It leaves Mr. Ingersoll free to speak his thought at the bar of his conscience, before the bar of his fellow-man, but it holds him in the inevitable grip of absolute responsibility for every light word idly spoken.
God grant that he may use that power so that he can face that responsibility at the last!
It leaves to every churchman liberty to believe and stand by his church according to his own conviction.
It stands for this; the absolute liberty of each individual man to think, to write, to speak, to act, according to the best light within him; limited as to his fellows, by the condition that he shall not use that liberty so as to injure them; limited in the other direction, by those tremendous laws which are laws in spite of all rhetoric, and in spite of all logic.
If I put my finger into the fire, that fire burns.
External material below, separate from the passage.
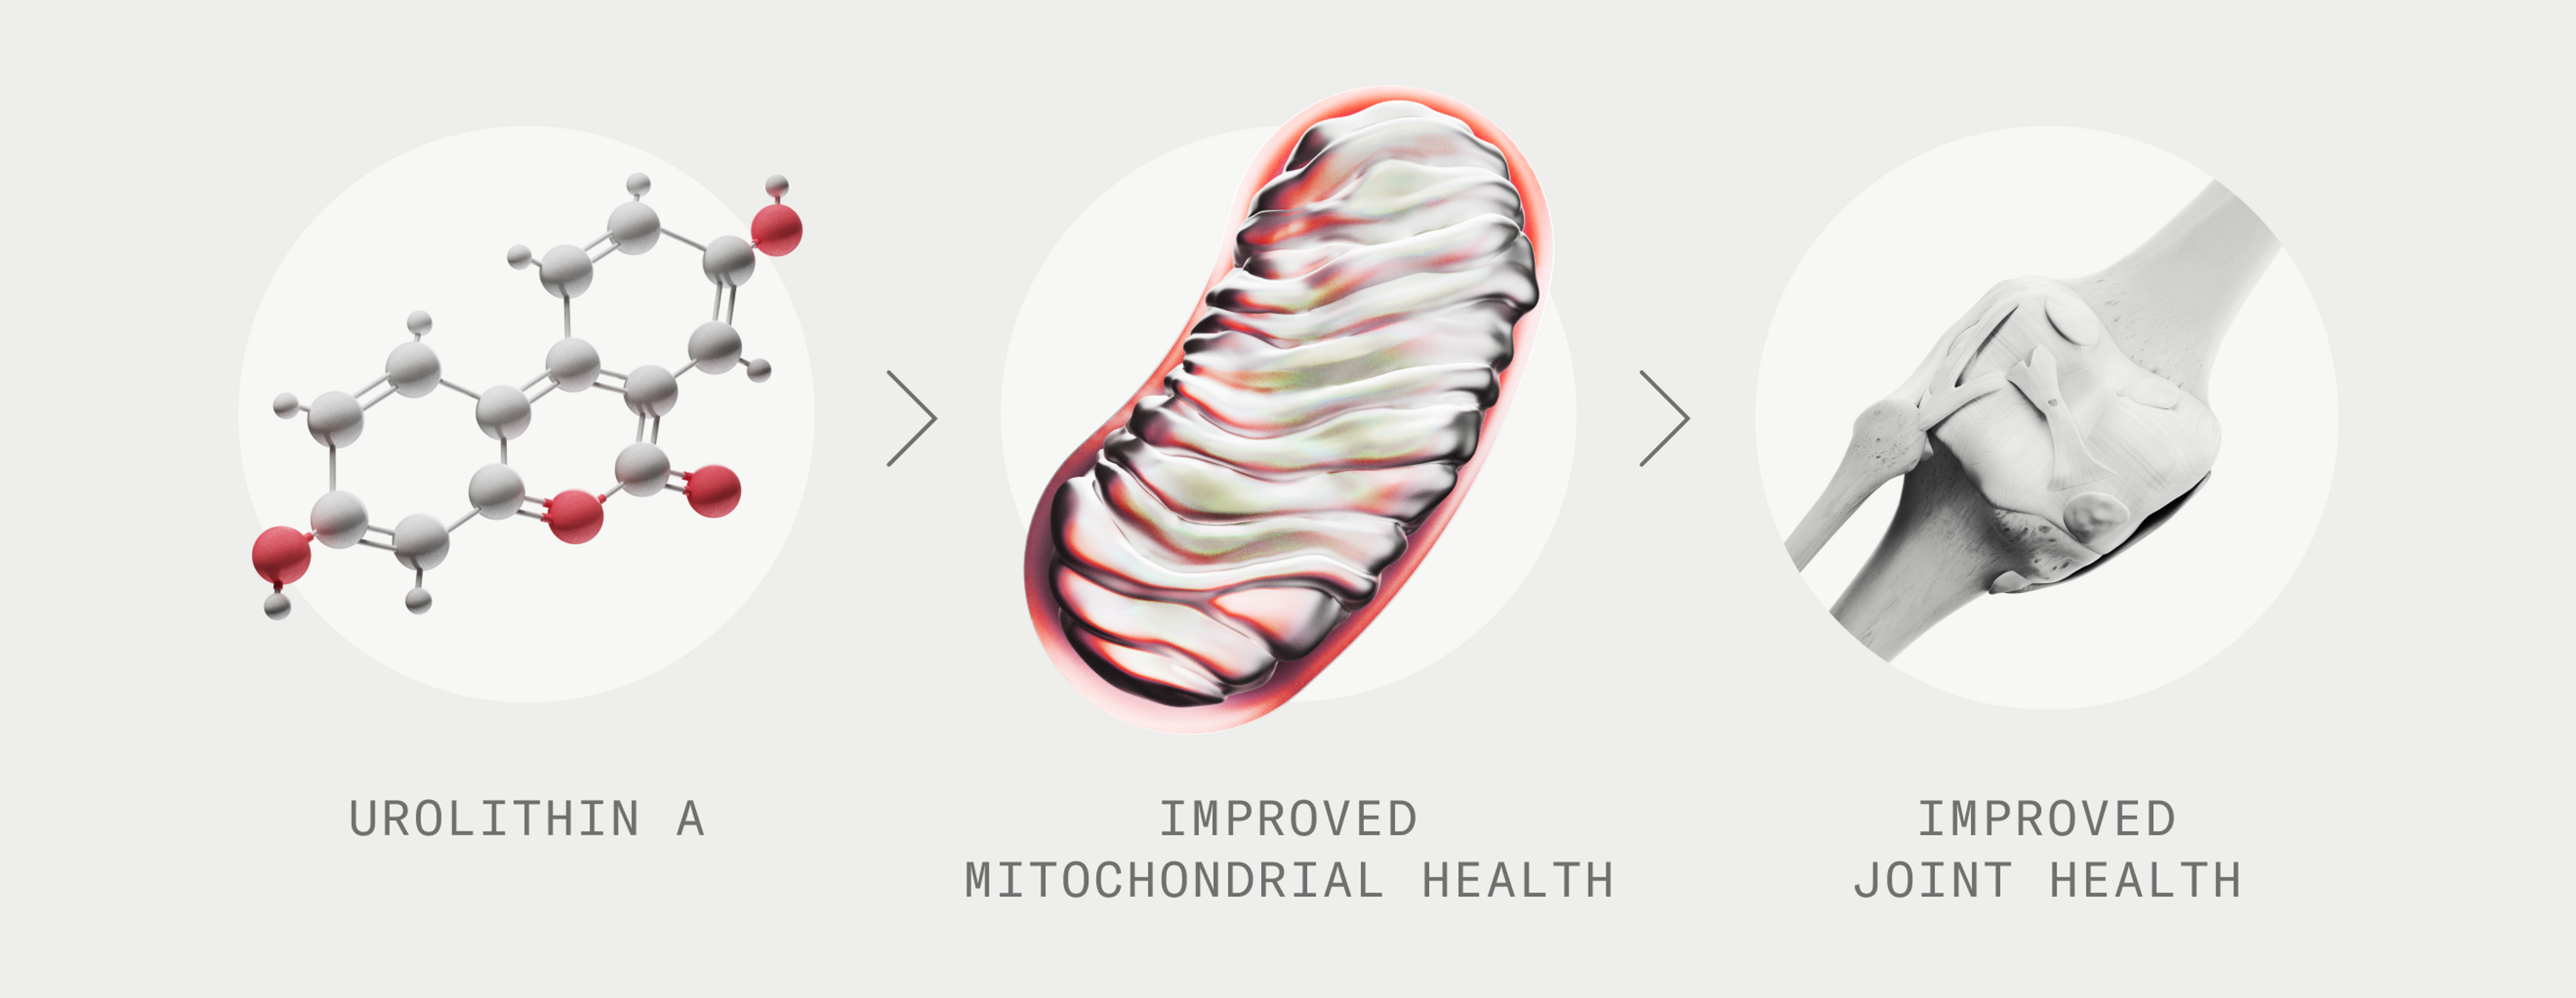 Urolithin A > Improved Mitochondrial Health > Improved Joint Health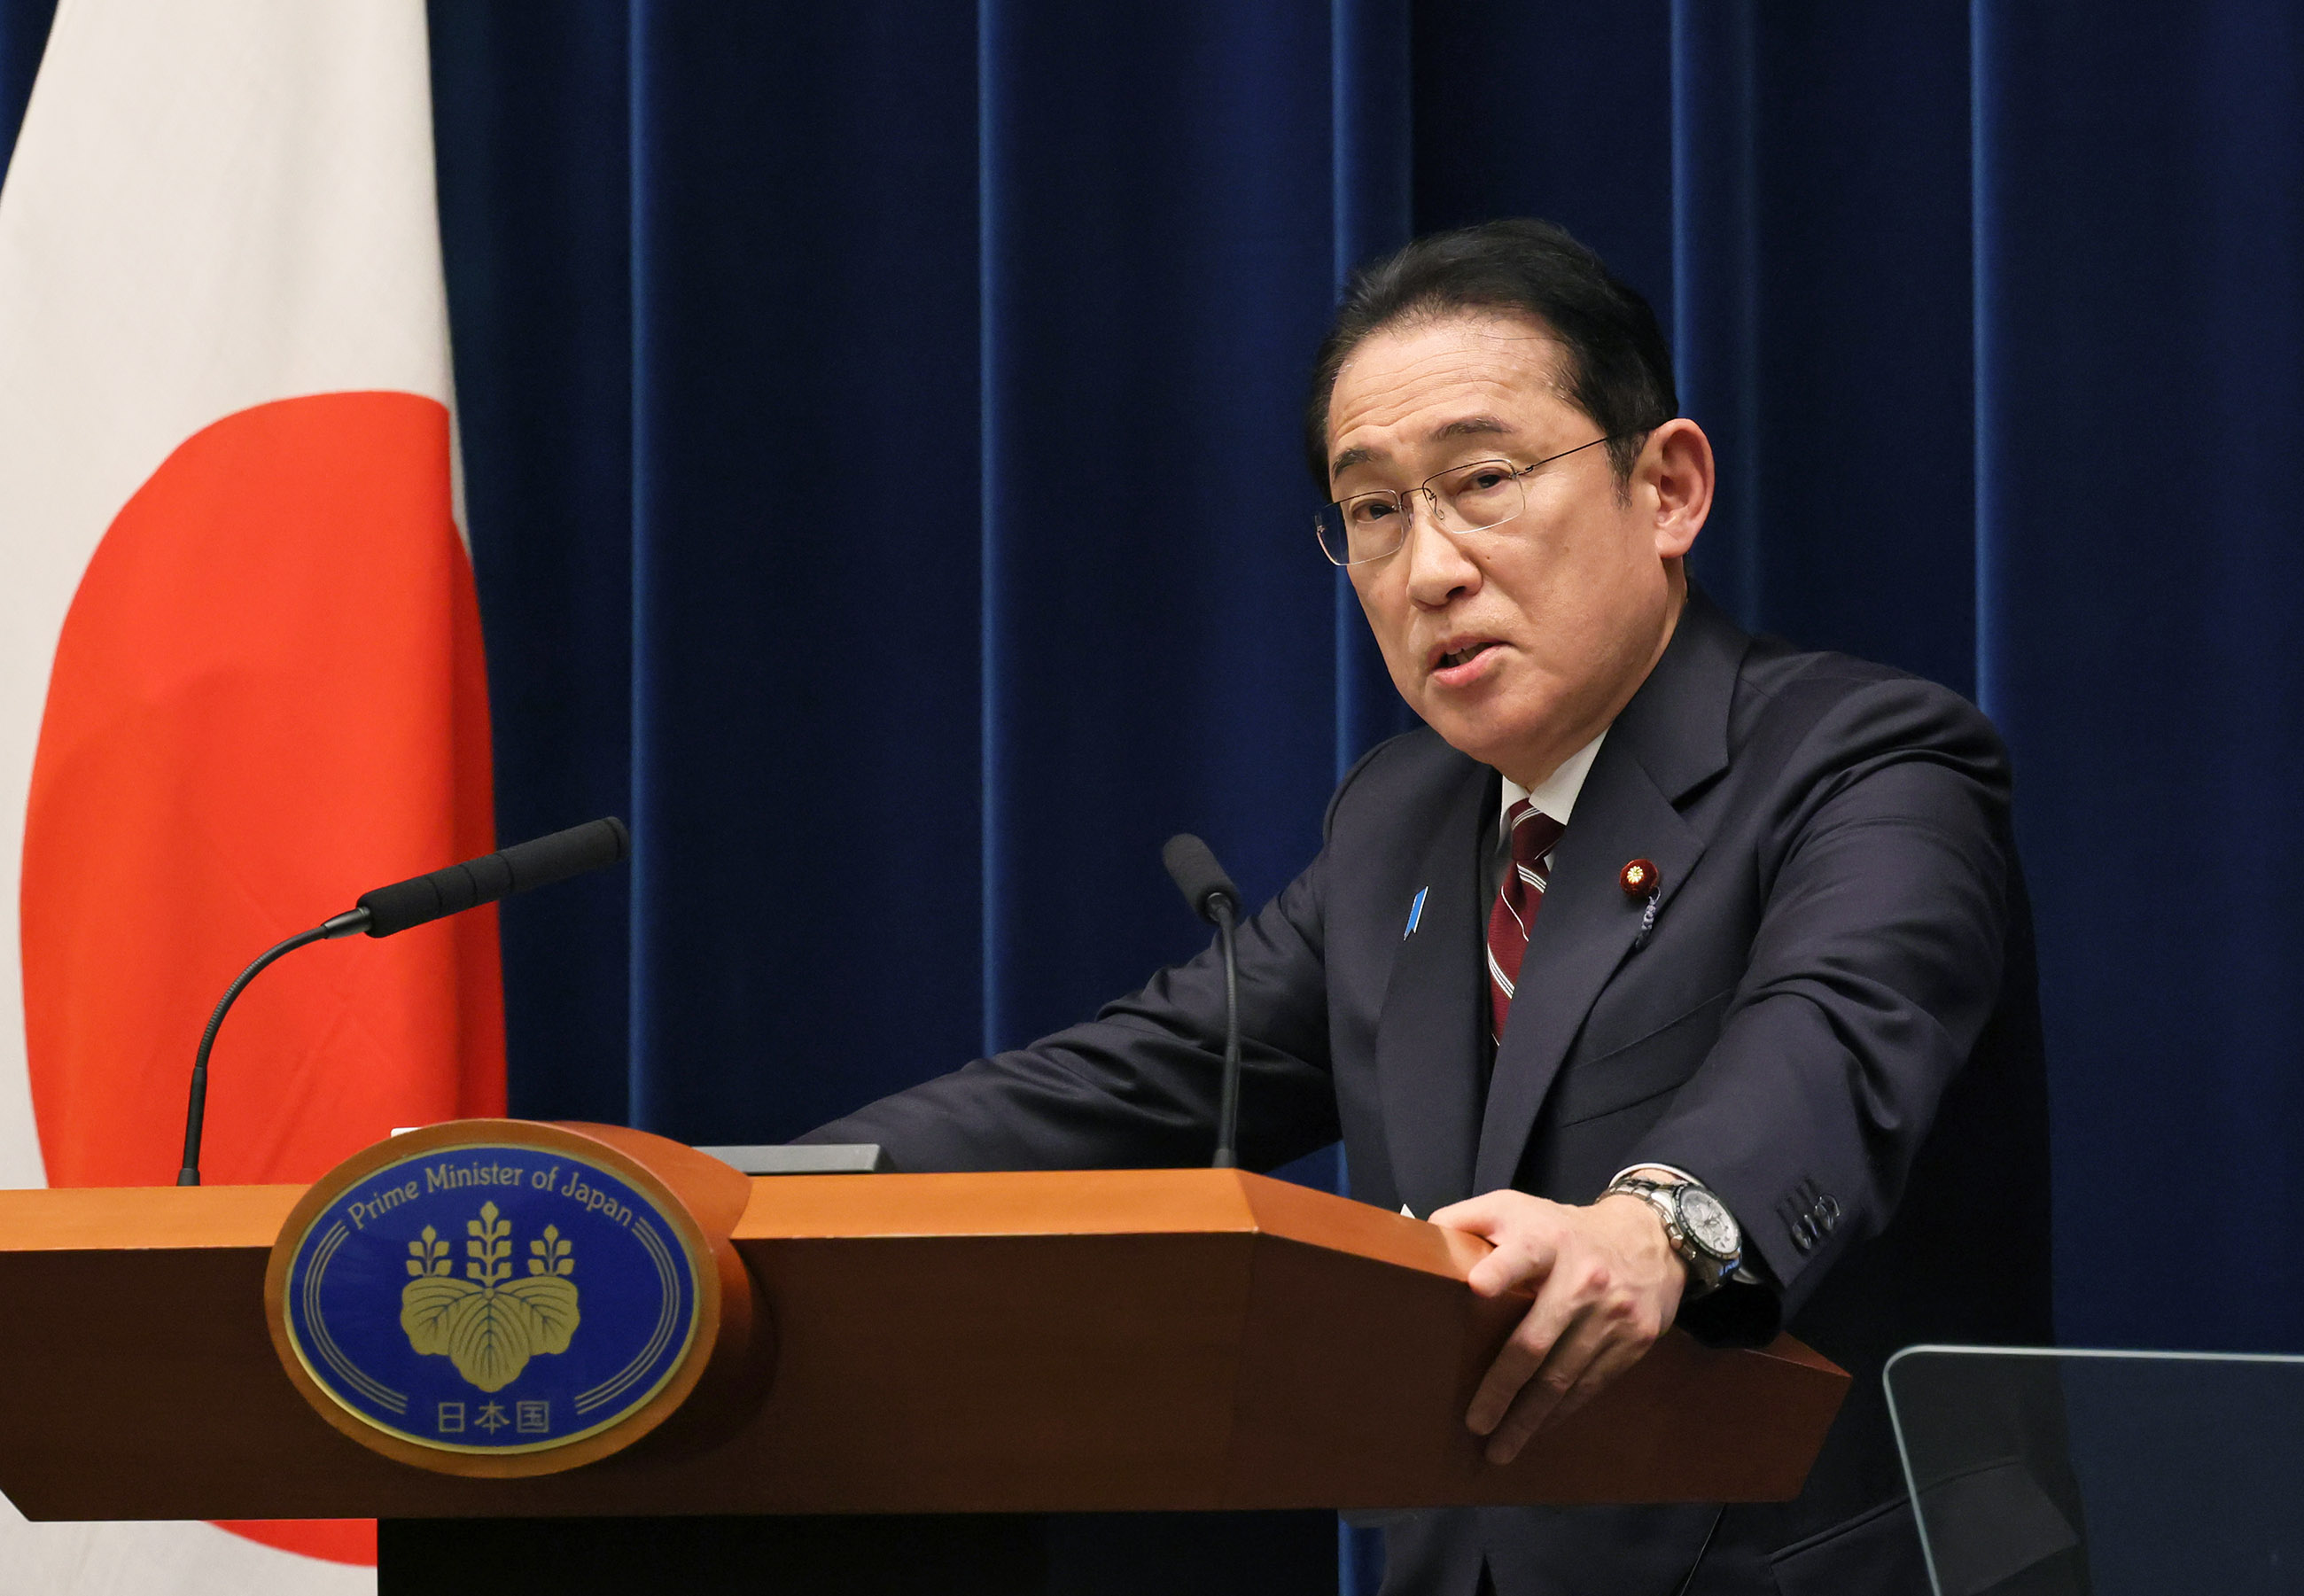 Prime Minister Kishida answering questions from the journalists (6)

If I do a wrong, that wrong remains. If I hurt my neighbor, the wrong reacts upon myself. If I would try to escape what you call judgment, what you call penalty, I cannot escape the working of the inevitable-law that follows a cause by effect; I cannot escape that inevitable law—not the creation of some dark monster flashing through the skies—but, as I believe, the beneficent creation which puts into the spiritual life the same control of law that guides the material life, which wisely makes me responsible, that in the solemnity of that responsibility I am bound to lift my brother up and never to drag my brother down.
REPLY OF COLONEL INGERSOLL.
The first gentleman who replied to me took the ground boldly that expression is not free—that no man has the right to express his real thoughts—and I suppose that he acted in accordance with that idea. How are you to know whether he thought a solitary thing that he said, or not? How is it possible for us to ascertain whether he is simply the mouthpiece of some other? Whether he is a free man, or whether he says that which he does not believe, it is impossible for us to ascertain.
He tells you that I am about to take away the religion of your mothers. I have heard that said a great many times. No doubt Mr. Coudert has the religion of his mother, and judging from the argument he made, his mother knew at least as much about these questions as her son. I believe that every good father and good mother wants to see the son and the daughter climb higher upon the great and splendid mount of thought than they reached.
You never can honor your father by going around swearing to his mistakes. You never can honor your mother by saying that ignorance is blessed because she did not know everything. I want to honor my parents by finding out more than they did.
There is another thing that I was a little astonished at—that Mr. Coudert, knowing that he would be in eternal felicity with his harp in his hand, seeing me in the world of the damned, could yet grow envious here to-night at my imaginary monument.